| Assignment |
Produce a faithful copy of every record below, without the pictures.

[[ Exercise data open ]]

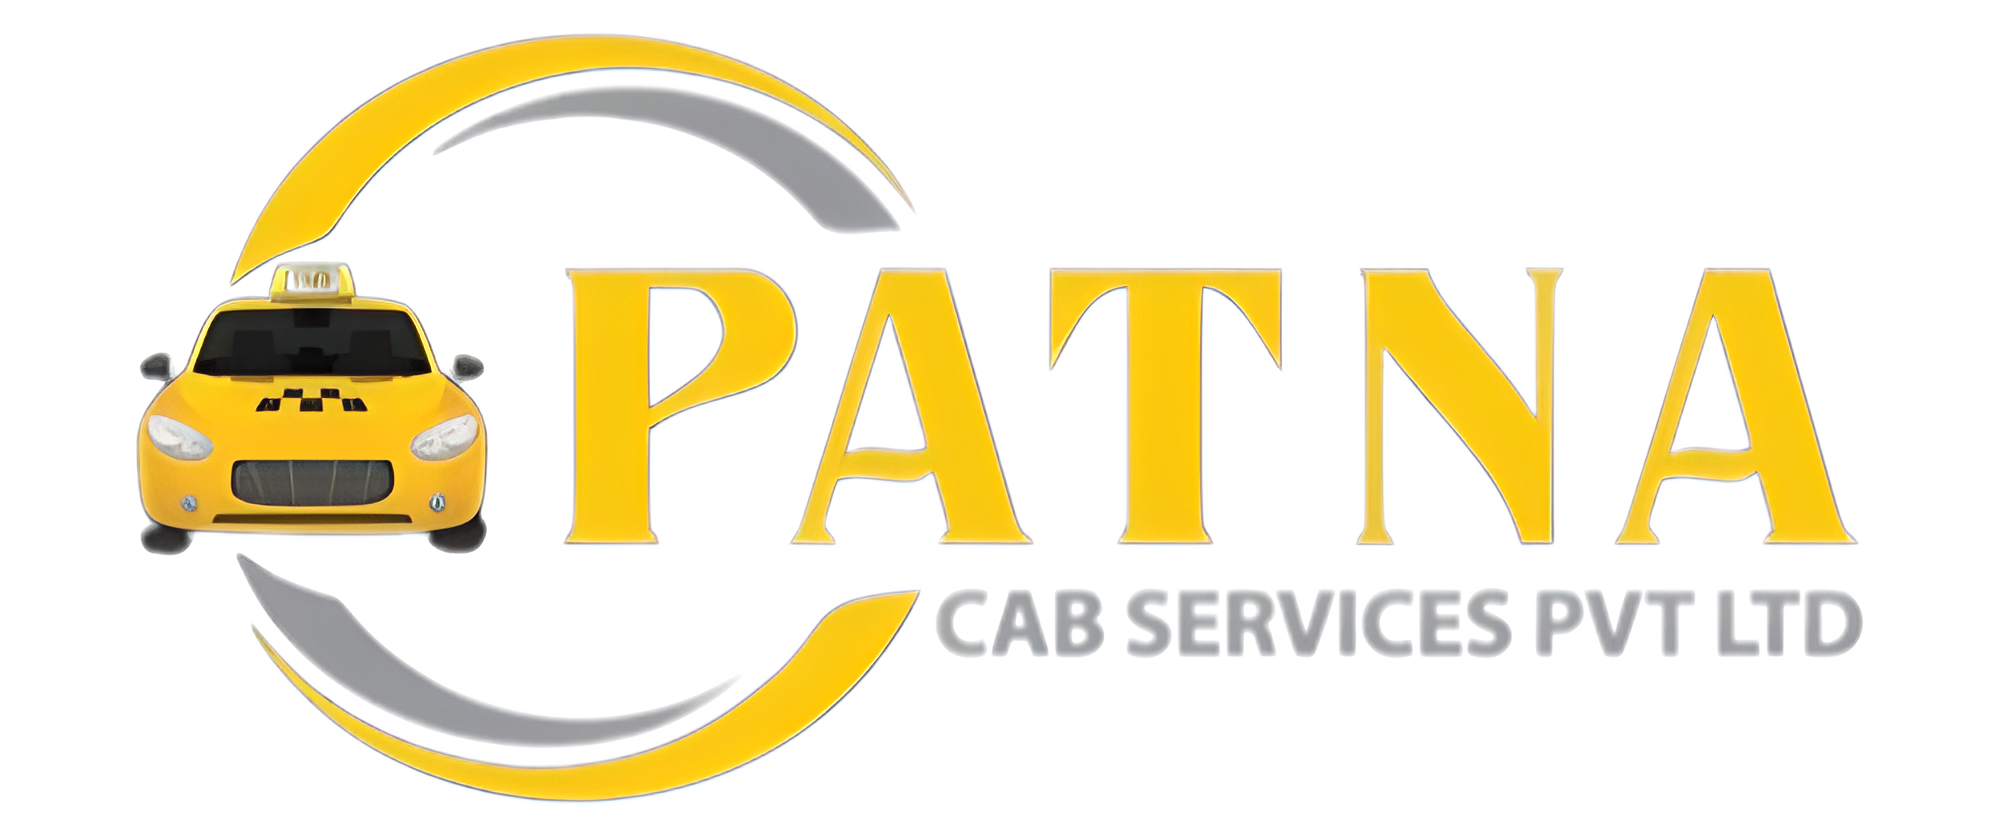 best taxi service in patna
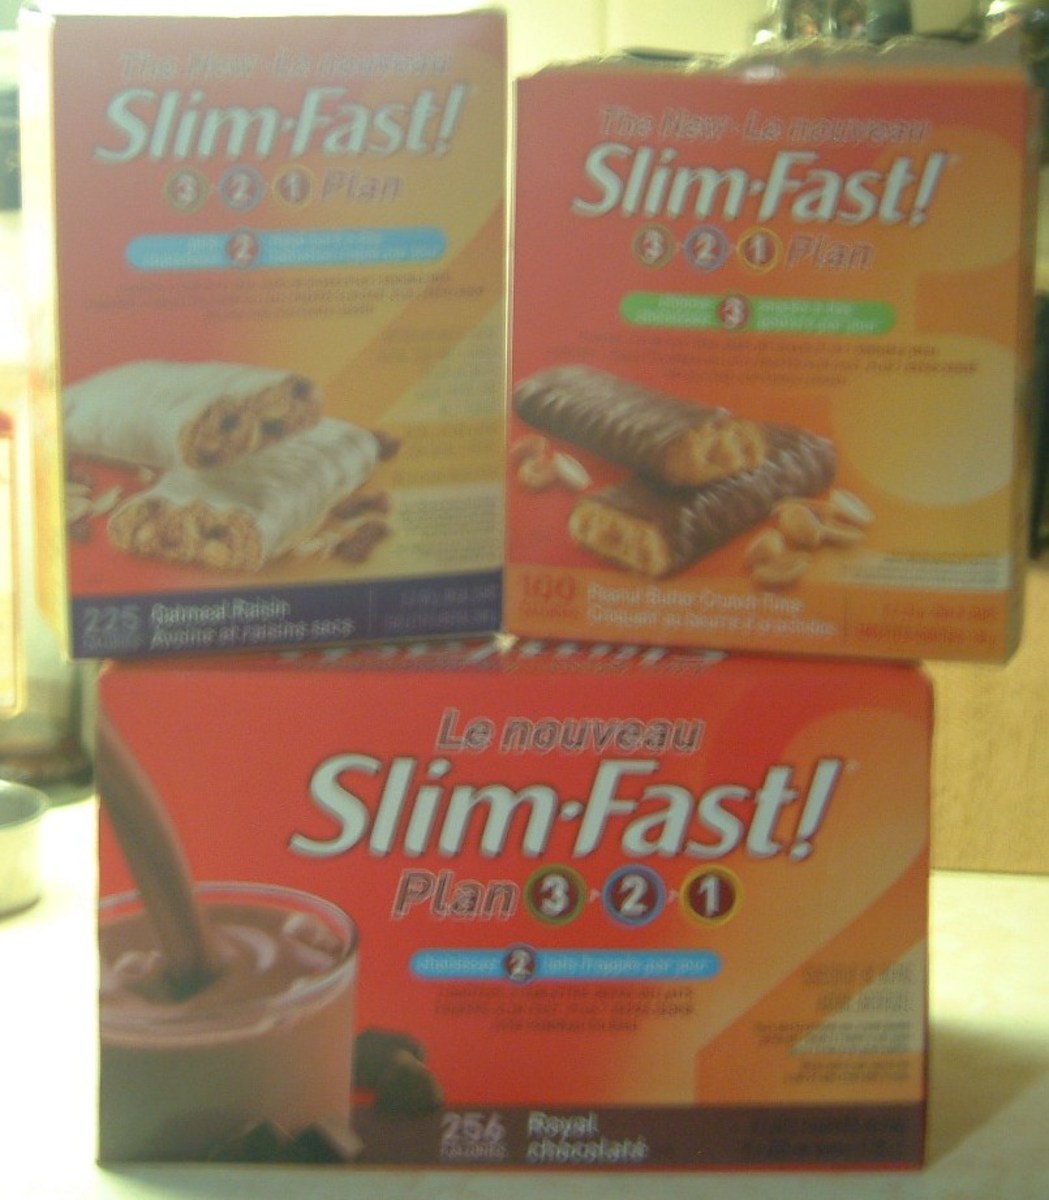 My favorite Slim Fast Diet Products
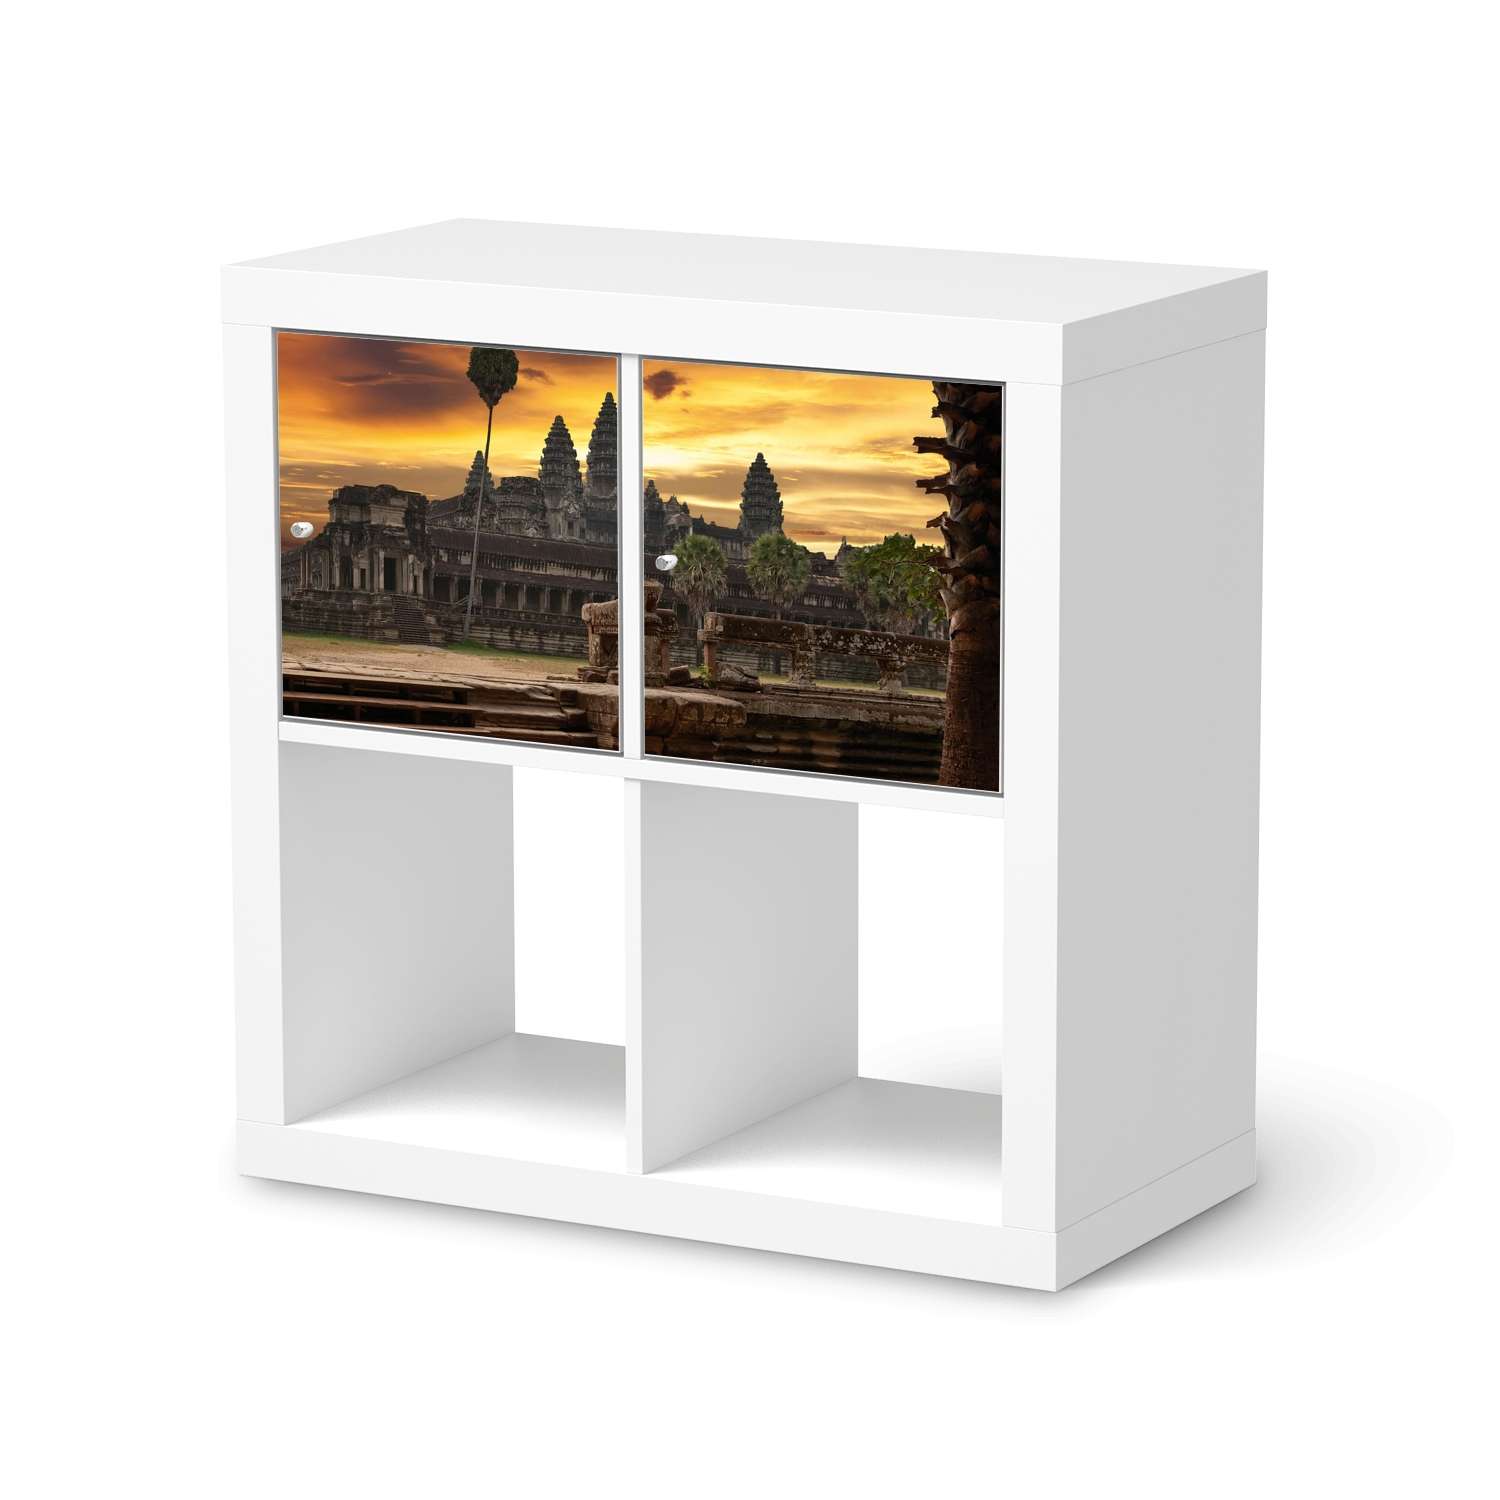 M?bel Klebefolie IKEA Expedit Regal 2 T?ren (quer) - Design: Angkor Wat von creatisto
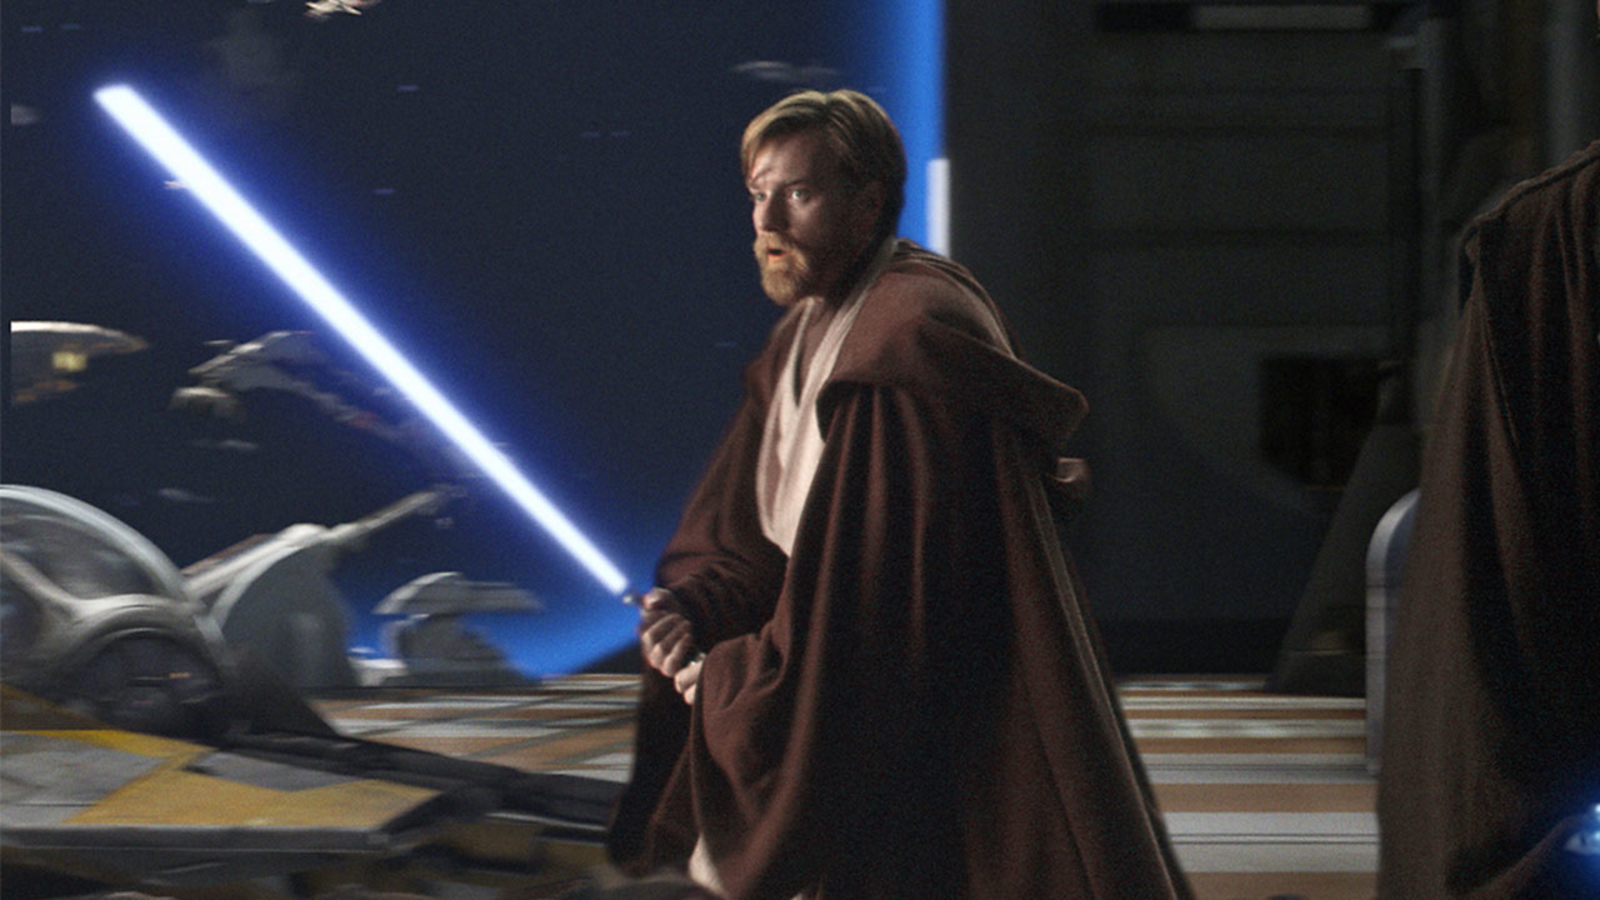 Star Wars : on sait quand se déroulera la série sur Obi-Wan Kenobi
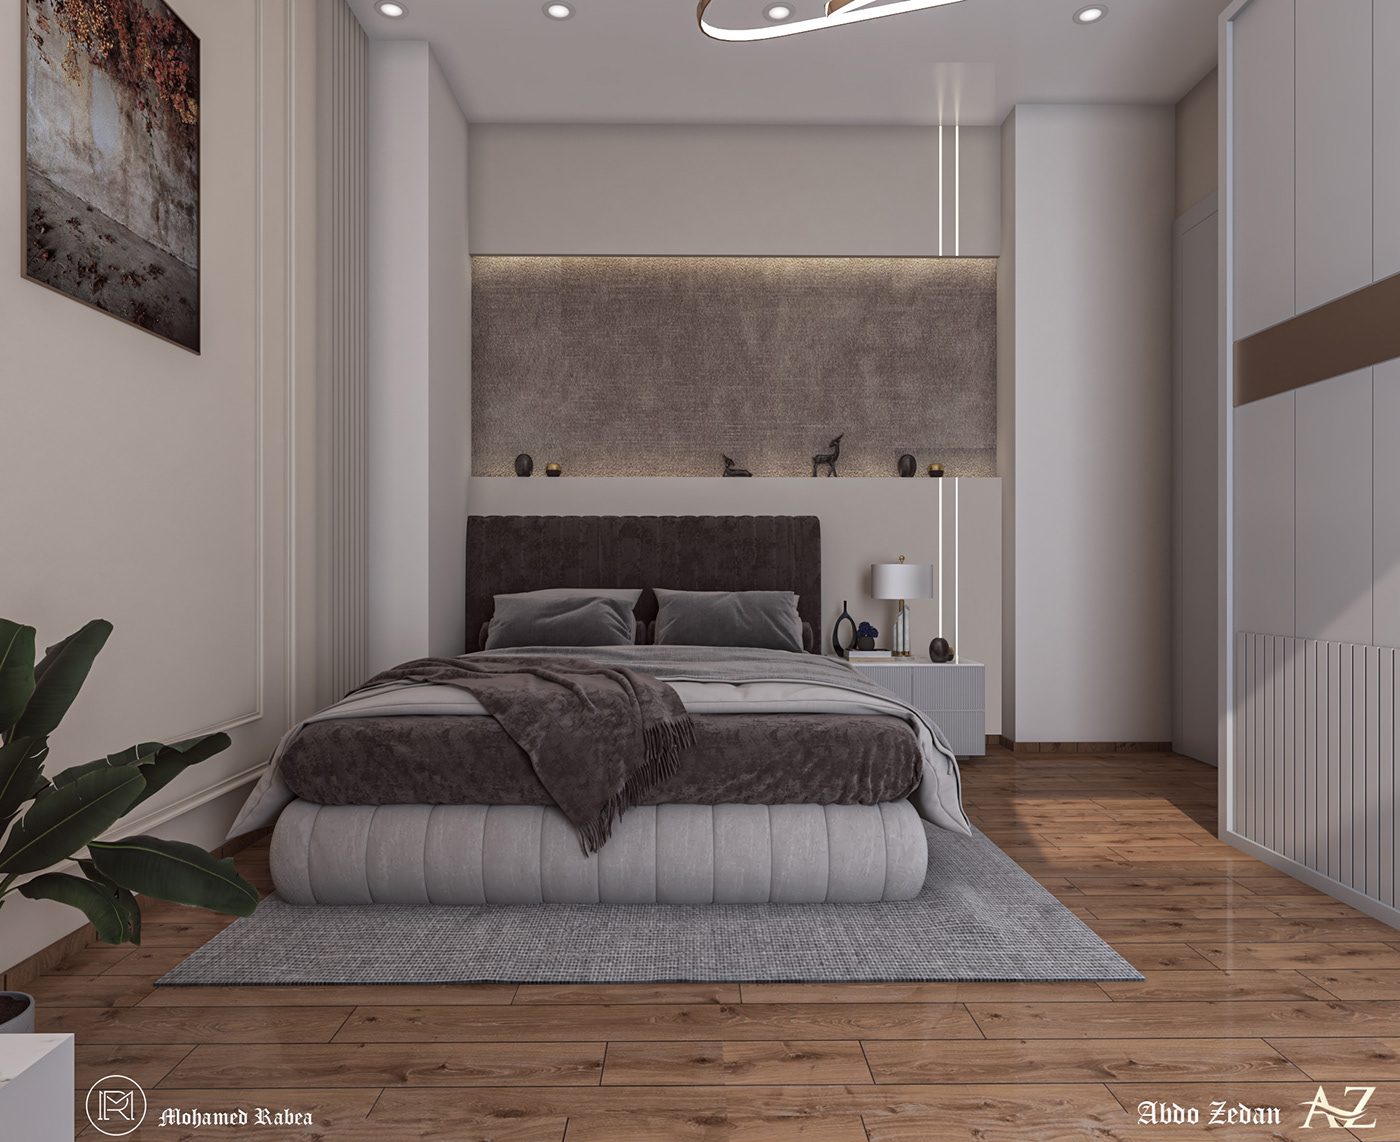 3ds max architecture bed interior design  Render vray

[[ Exercise data closed ]]

| Answer to this task |
 best taxi service in patna
 My favorite Slim Fast Diet Products
 M?bel Klebefolie IKEA Expedit Regal 2 T?ren (quer) - Design: Angkor Wat von creatisto
 Star Wars : on sait quand se déroulera la série sur Obi-Wan Kenobi
 3ds max architecture bed interior design  Render vray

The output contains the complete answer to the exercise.